Eh oui ! grand coup de balai, et hop,  les vieux routiers de la politique ont été pris dans la vague du dégagisme. Un terme approprié puisque ces vieux dont la tronche fleurissait sur les écrans télé disparaissent du paysage. ça ne fait pas de mal car c'était toujours les mêmes qui venaient dégoiser face aux caméras. A se demander, tant leur présence était récurrente, s'ils avaient le temps de s'intéresser à leur job de parlementaires. Les électeurs en avaient tellement assez qu'ils n'ont pas hésité à faire le ménage en donnant leur vote à de parfaits inconnus, un peu plus jeunes que leurs prédécesseurs, ce qui ne gâte rien. Et puis ceux venus de la vie civile, s'ils n'appartiennent pas à la classe moyenne, ont une expérience de ce que l'on nomme "la vraie vie". Une expérience professionnelle dont on peut espérer qu'elle leur permettra d'appréhender leur tout nouveau rôle de manière différente. Un coup de neuf, une peinture fraîche qui remplace les vieilles tapisseries, un ripolinage indispensable, surtout quand on découvre que ces beaux messieurs n'avaient guère de scrupules à profiter des avantages de leur mandat. Jusqu'à en abuser. Si la loi qui doit mettre en place d'autres pratiques est appliquée stricto sensu, il ne devrait pas y avoir de dérives. On peut présumer que des contrôles seront effectués, et pas que pour les notes de restaurant : ils devront fournir toutes preuves de leurs frais correspondant bien à leur fonction. Il y a longtemps qu'on aurait dû imposer à nos hommes publics des justificatifs, ce qui aurait réduit leurs excès.
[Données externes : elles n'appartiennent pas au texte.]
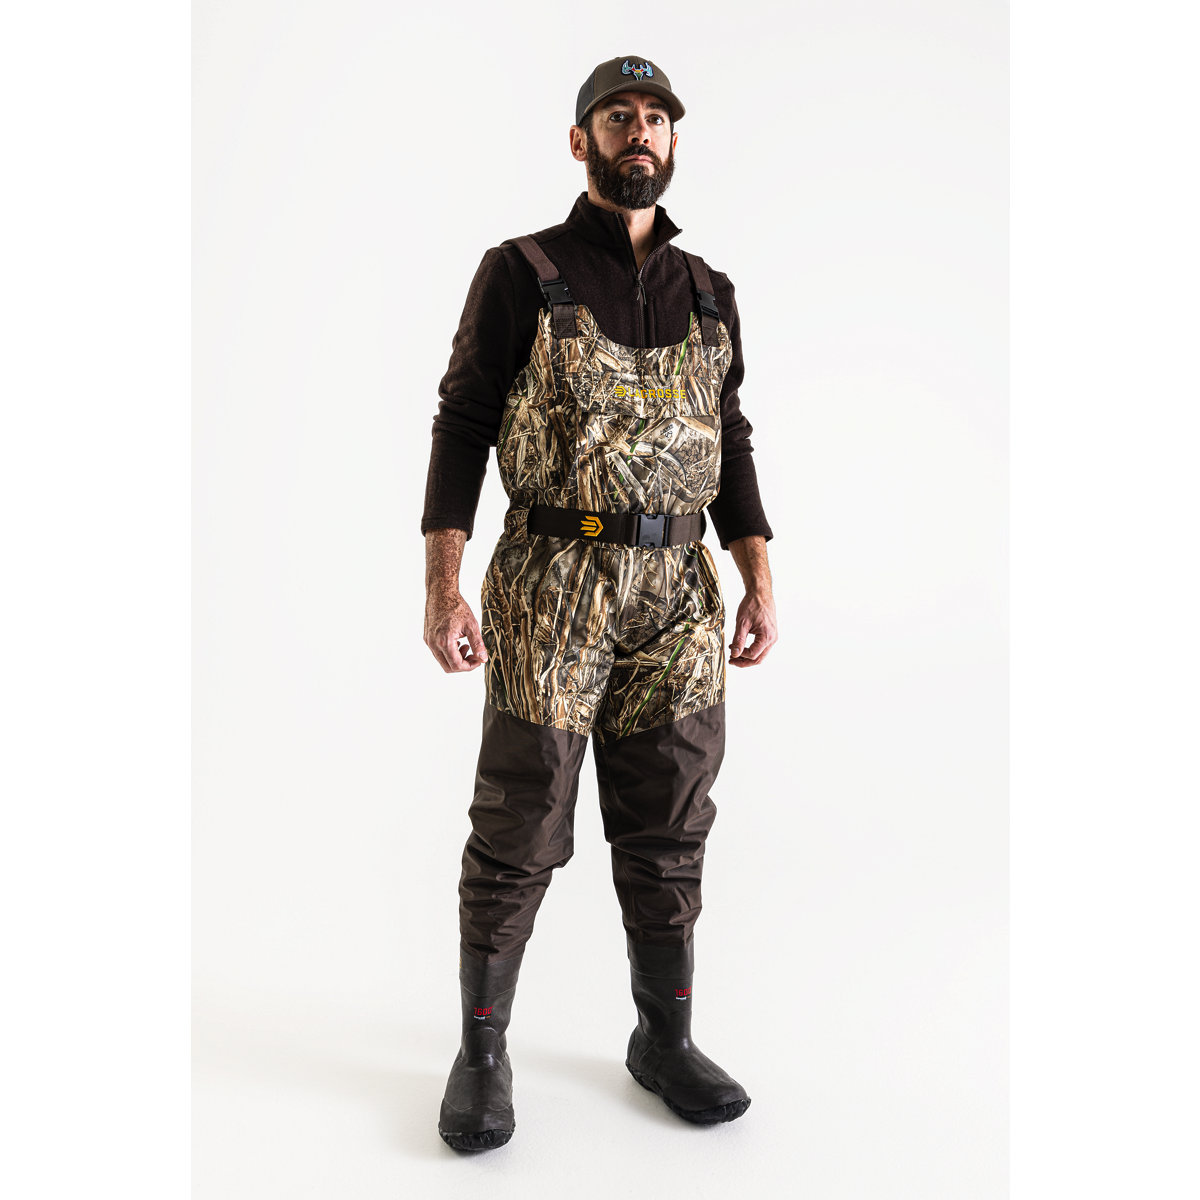 Lacrosse Men's Wetlands Insulated 1600G Wader - Realtree Max-7 - 9

Bref, il se dit que l'époque est historique. Et que l'éthique est revenue dans les bons créneaux. Reste à voir désormais si tout ceci n'est pas de l'enfumage : ça fait bien de prétendre qu'on moralise la vie politique, mais il faudra bien prouver que c'est effectif. Ira-t-on jusqu'à exposer au su et au vu des citoyens les dépenses des élus afin de montrer qu'ils sont "d'honnêtes hommes"  et qu'ils ne frouillent pas sur le dos des contribuables ?

Si par hasard on devait découvrir que les réformes sont détournées, ce ne sera plus du dégagisme, mais une révolution.